Henri Nouwen writes:  “Waiting is not a very popular attitude. Waiting is not something that people think about with great sympathy.  In fact, most people consider waiting a waste of time.  Perhaps this is because the culture in which we live is basically saying, ‘Get going!  Do something!  Show you are able to make a difference!  Don’t just sit there and wait!’  For many people, waiting is an awful desert between where they are and where they want to go.

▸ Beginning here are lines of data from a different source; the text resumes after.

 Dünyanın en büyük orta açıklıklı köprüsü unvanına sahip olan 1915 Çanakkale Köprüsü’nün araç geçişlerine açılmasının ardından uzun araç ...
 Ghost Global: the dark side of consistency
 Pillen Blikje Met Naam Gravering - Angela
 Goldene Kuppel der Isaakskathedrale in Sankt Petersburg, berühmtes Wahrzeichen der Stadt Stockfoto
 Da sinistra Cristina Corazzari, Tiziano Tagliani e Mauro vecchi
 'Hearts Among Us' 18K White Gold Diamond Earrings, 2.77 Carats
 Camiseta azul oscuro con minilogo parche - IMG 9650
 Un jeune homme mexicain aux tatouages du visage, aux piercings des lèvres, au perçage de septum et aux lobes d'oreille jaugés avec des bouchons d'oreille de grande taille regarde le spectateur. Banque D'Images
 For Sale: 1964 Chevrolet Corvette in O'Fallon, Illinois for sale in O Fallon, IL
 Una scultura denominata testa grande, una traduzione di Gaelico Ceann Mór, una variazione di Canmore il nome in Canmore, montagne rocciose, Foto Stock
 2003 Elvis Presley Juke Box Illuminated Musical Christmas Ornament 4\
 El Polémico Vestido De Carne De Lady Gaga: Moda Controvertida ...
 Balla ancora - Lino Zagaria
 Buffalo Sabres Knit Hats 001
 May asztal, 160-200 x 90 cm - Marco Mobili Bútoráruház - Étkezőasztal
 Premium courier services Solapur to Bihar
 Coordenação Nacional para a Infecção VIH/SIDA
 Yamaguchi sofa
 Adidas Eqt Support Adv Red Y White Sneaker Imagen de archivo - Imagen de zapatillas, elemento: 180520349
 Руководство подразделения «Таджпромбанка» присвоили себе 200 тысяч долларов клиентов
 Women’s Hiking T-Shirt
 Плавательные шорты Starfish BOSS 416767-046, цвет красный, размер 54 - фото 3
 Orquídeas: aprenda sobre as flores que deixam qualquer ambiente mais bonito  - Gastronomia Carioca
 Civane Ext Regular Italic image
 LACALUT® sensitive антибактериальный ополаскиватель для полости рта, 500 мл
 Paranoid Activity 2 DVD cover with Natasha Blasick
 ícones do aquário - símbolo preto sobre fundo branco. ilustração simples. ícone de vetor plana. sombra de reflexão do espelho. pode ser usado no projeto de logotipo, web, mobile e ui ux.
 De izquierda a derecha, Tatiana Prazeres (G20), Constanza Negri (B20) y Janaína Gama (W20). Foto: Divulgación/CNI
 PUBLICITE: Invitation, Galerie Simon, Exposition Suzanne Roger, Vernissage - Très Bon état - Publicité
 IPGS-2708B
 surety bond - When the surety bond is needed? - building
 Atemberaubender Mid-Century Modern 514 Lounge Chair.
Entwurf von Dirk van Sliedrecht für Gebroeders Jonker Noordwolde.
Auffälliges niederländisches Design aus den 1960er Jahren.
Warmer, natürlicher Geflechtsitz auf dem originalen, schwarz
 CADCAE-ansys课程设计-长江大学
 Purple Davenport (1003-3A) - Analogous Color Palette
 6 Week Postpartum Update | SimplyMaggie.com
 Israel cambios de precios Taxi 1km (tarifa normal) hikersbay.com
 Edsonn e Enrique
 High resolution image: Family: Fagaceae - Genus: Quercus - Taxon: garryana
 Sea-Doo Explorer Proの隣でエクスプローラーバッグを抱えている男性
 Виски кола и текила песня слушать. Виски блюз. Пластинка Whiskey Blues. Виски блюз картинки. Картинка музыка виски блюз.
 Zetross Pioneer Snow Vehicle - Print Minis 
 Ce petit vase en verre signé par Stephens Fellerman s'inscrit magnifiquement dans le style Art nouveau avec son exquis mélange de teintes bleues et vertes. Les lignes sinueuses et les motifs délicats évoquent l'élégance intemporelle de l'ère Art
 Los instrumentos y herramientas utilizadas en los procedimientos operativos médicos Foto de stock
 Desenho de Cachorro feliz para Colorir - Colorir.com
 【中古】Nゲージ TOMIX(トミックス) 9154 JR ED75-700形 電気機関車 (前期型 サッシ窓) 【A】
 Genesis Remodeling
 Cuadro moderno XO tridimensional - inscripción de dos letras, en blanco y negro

And people do not like such a place. “ (Watch For The Light, p. 27)

We’re not good at “waiting”, and we are even more anxious when asked to “trust God” in the waiting.  We’re not alone.  Noah, trapped in the arch as the floodwaters covered the earth, was asked to trust God in those days of waiting (150 days, Gen. 8:3).  In the waiting, trusting God, God delivers, and establishes God’s covenant with Noah and all of creation; a covenant grounded in love!

As we reflect on Noah’s walk with God, we are encouraged to model our walk with God.  In our waiting can we forsake the “instant gratification” obsession of our culture, and embrace a deep and abiding trust in God’s presence, and God’s provision, grounded in a loving covenant, sealed in Jesus the Christ?  “Simone Weil, a Jewish writer, said, Waiting patiently in expectation is the foundation of the spiritual life.”  (Watch For The Light, p. 37)

“Walking With God”, let us learn from our patriarch Noah how to trust God in our waiting.  I look forward to seeing you in Church!

Through Christ,

Pastor Doug

Does God Have Friends?

“God Friended Me,” a new television series, has just been renewed for a second season with CBS.   Brandon Micheal Hall stars in the show.  He is a young man who talks to God via social media.  It has moments of inspiration, humor, and drama.  The series has enjoyed great success with 10 million viewers each week.

Some of us may imagine a God who sits on a throne in heaven, thunderbolts in hand, far removed from humanity.  The Bible shares a different message about our Creator, the One who gave us life and longs for a relationship with each one of us.

Our new sermon series, “Walking with God,” focuses on God’s first friends, biblical characters in the Old Testament.  Each one of them faced struggles as we do, yet found God’s constant love to be a source of comfort and peace in their daily lives.  This week we will take a look at Adam and Eve, the very first people whom God created and called friends.

At Hyde Park Community United Methodist Church we are committed to being a place where deep, meaningful friendships can begin and grow.  We strive to be a place where strangers become friends, friends become disciples of Jesus, and disciples of Jesus become the Body of Christ, transforming the world with God’s love, hope, and peace.

I look forward to celebrating the Lord’s Day with you this Sunday!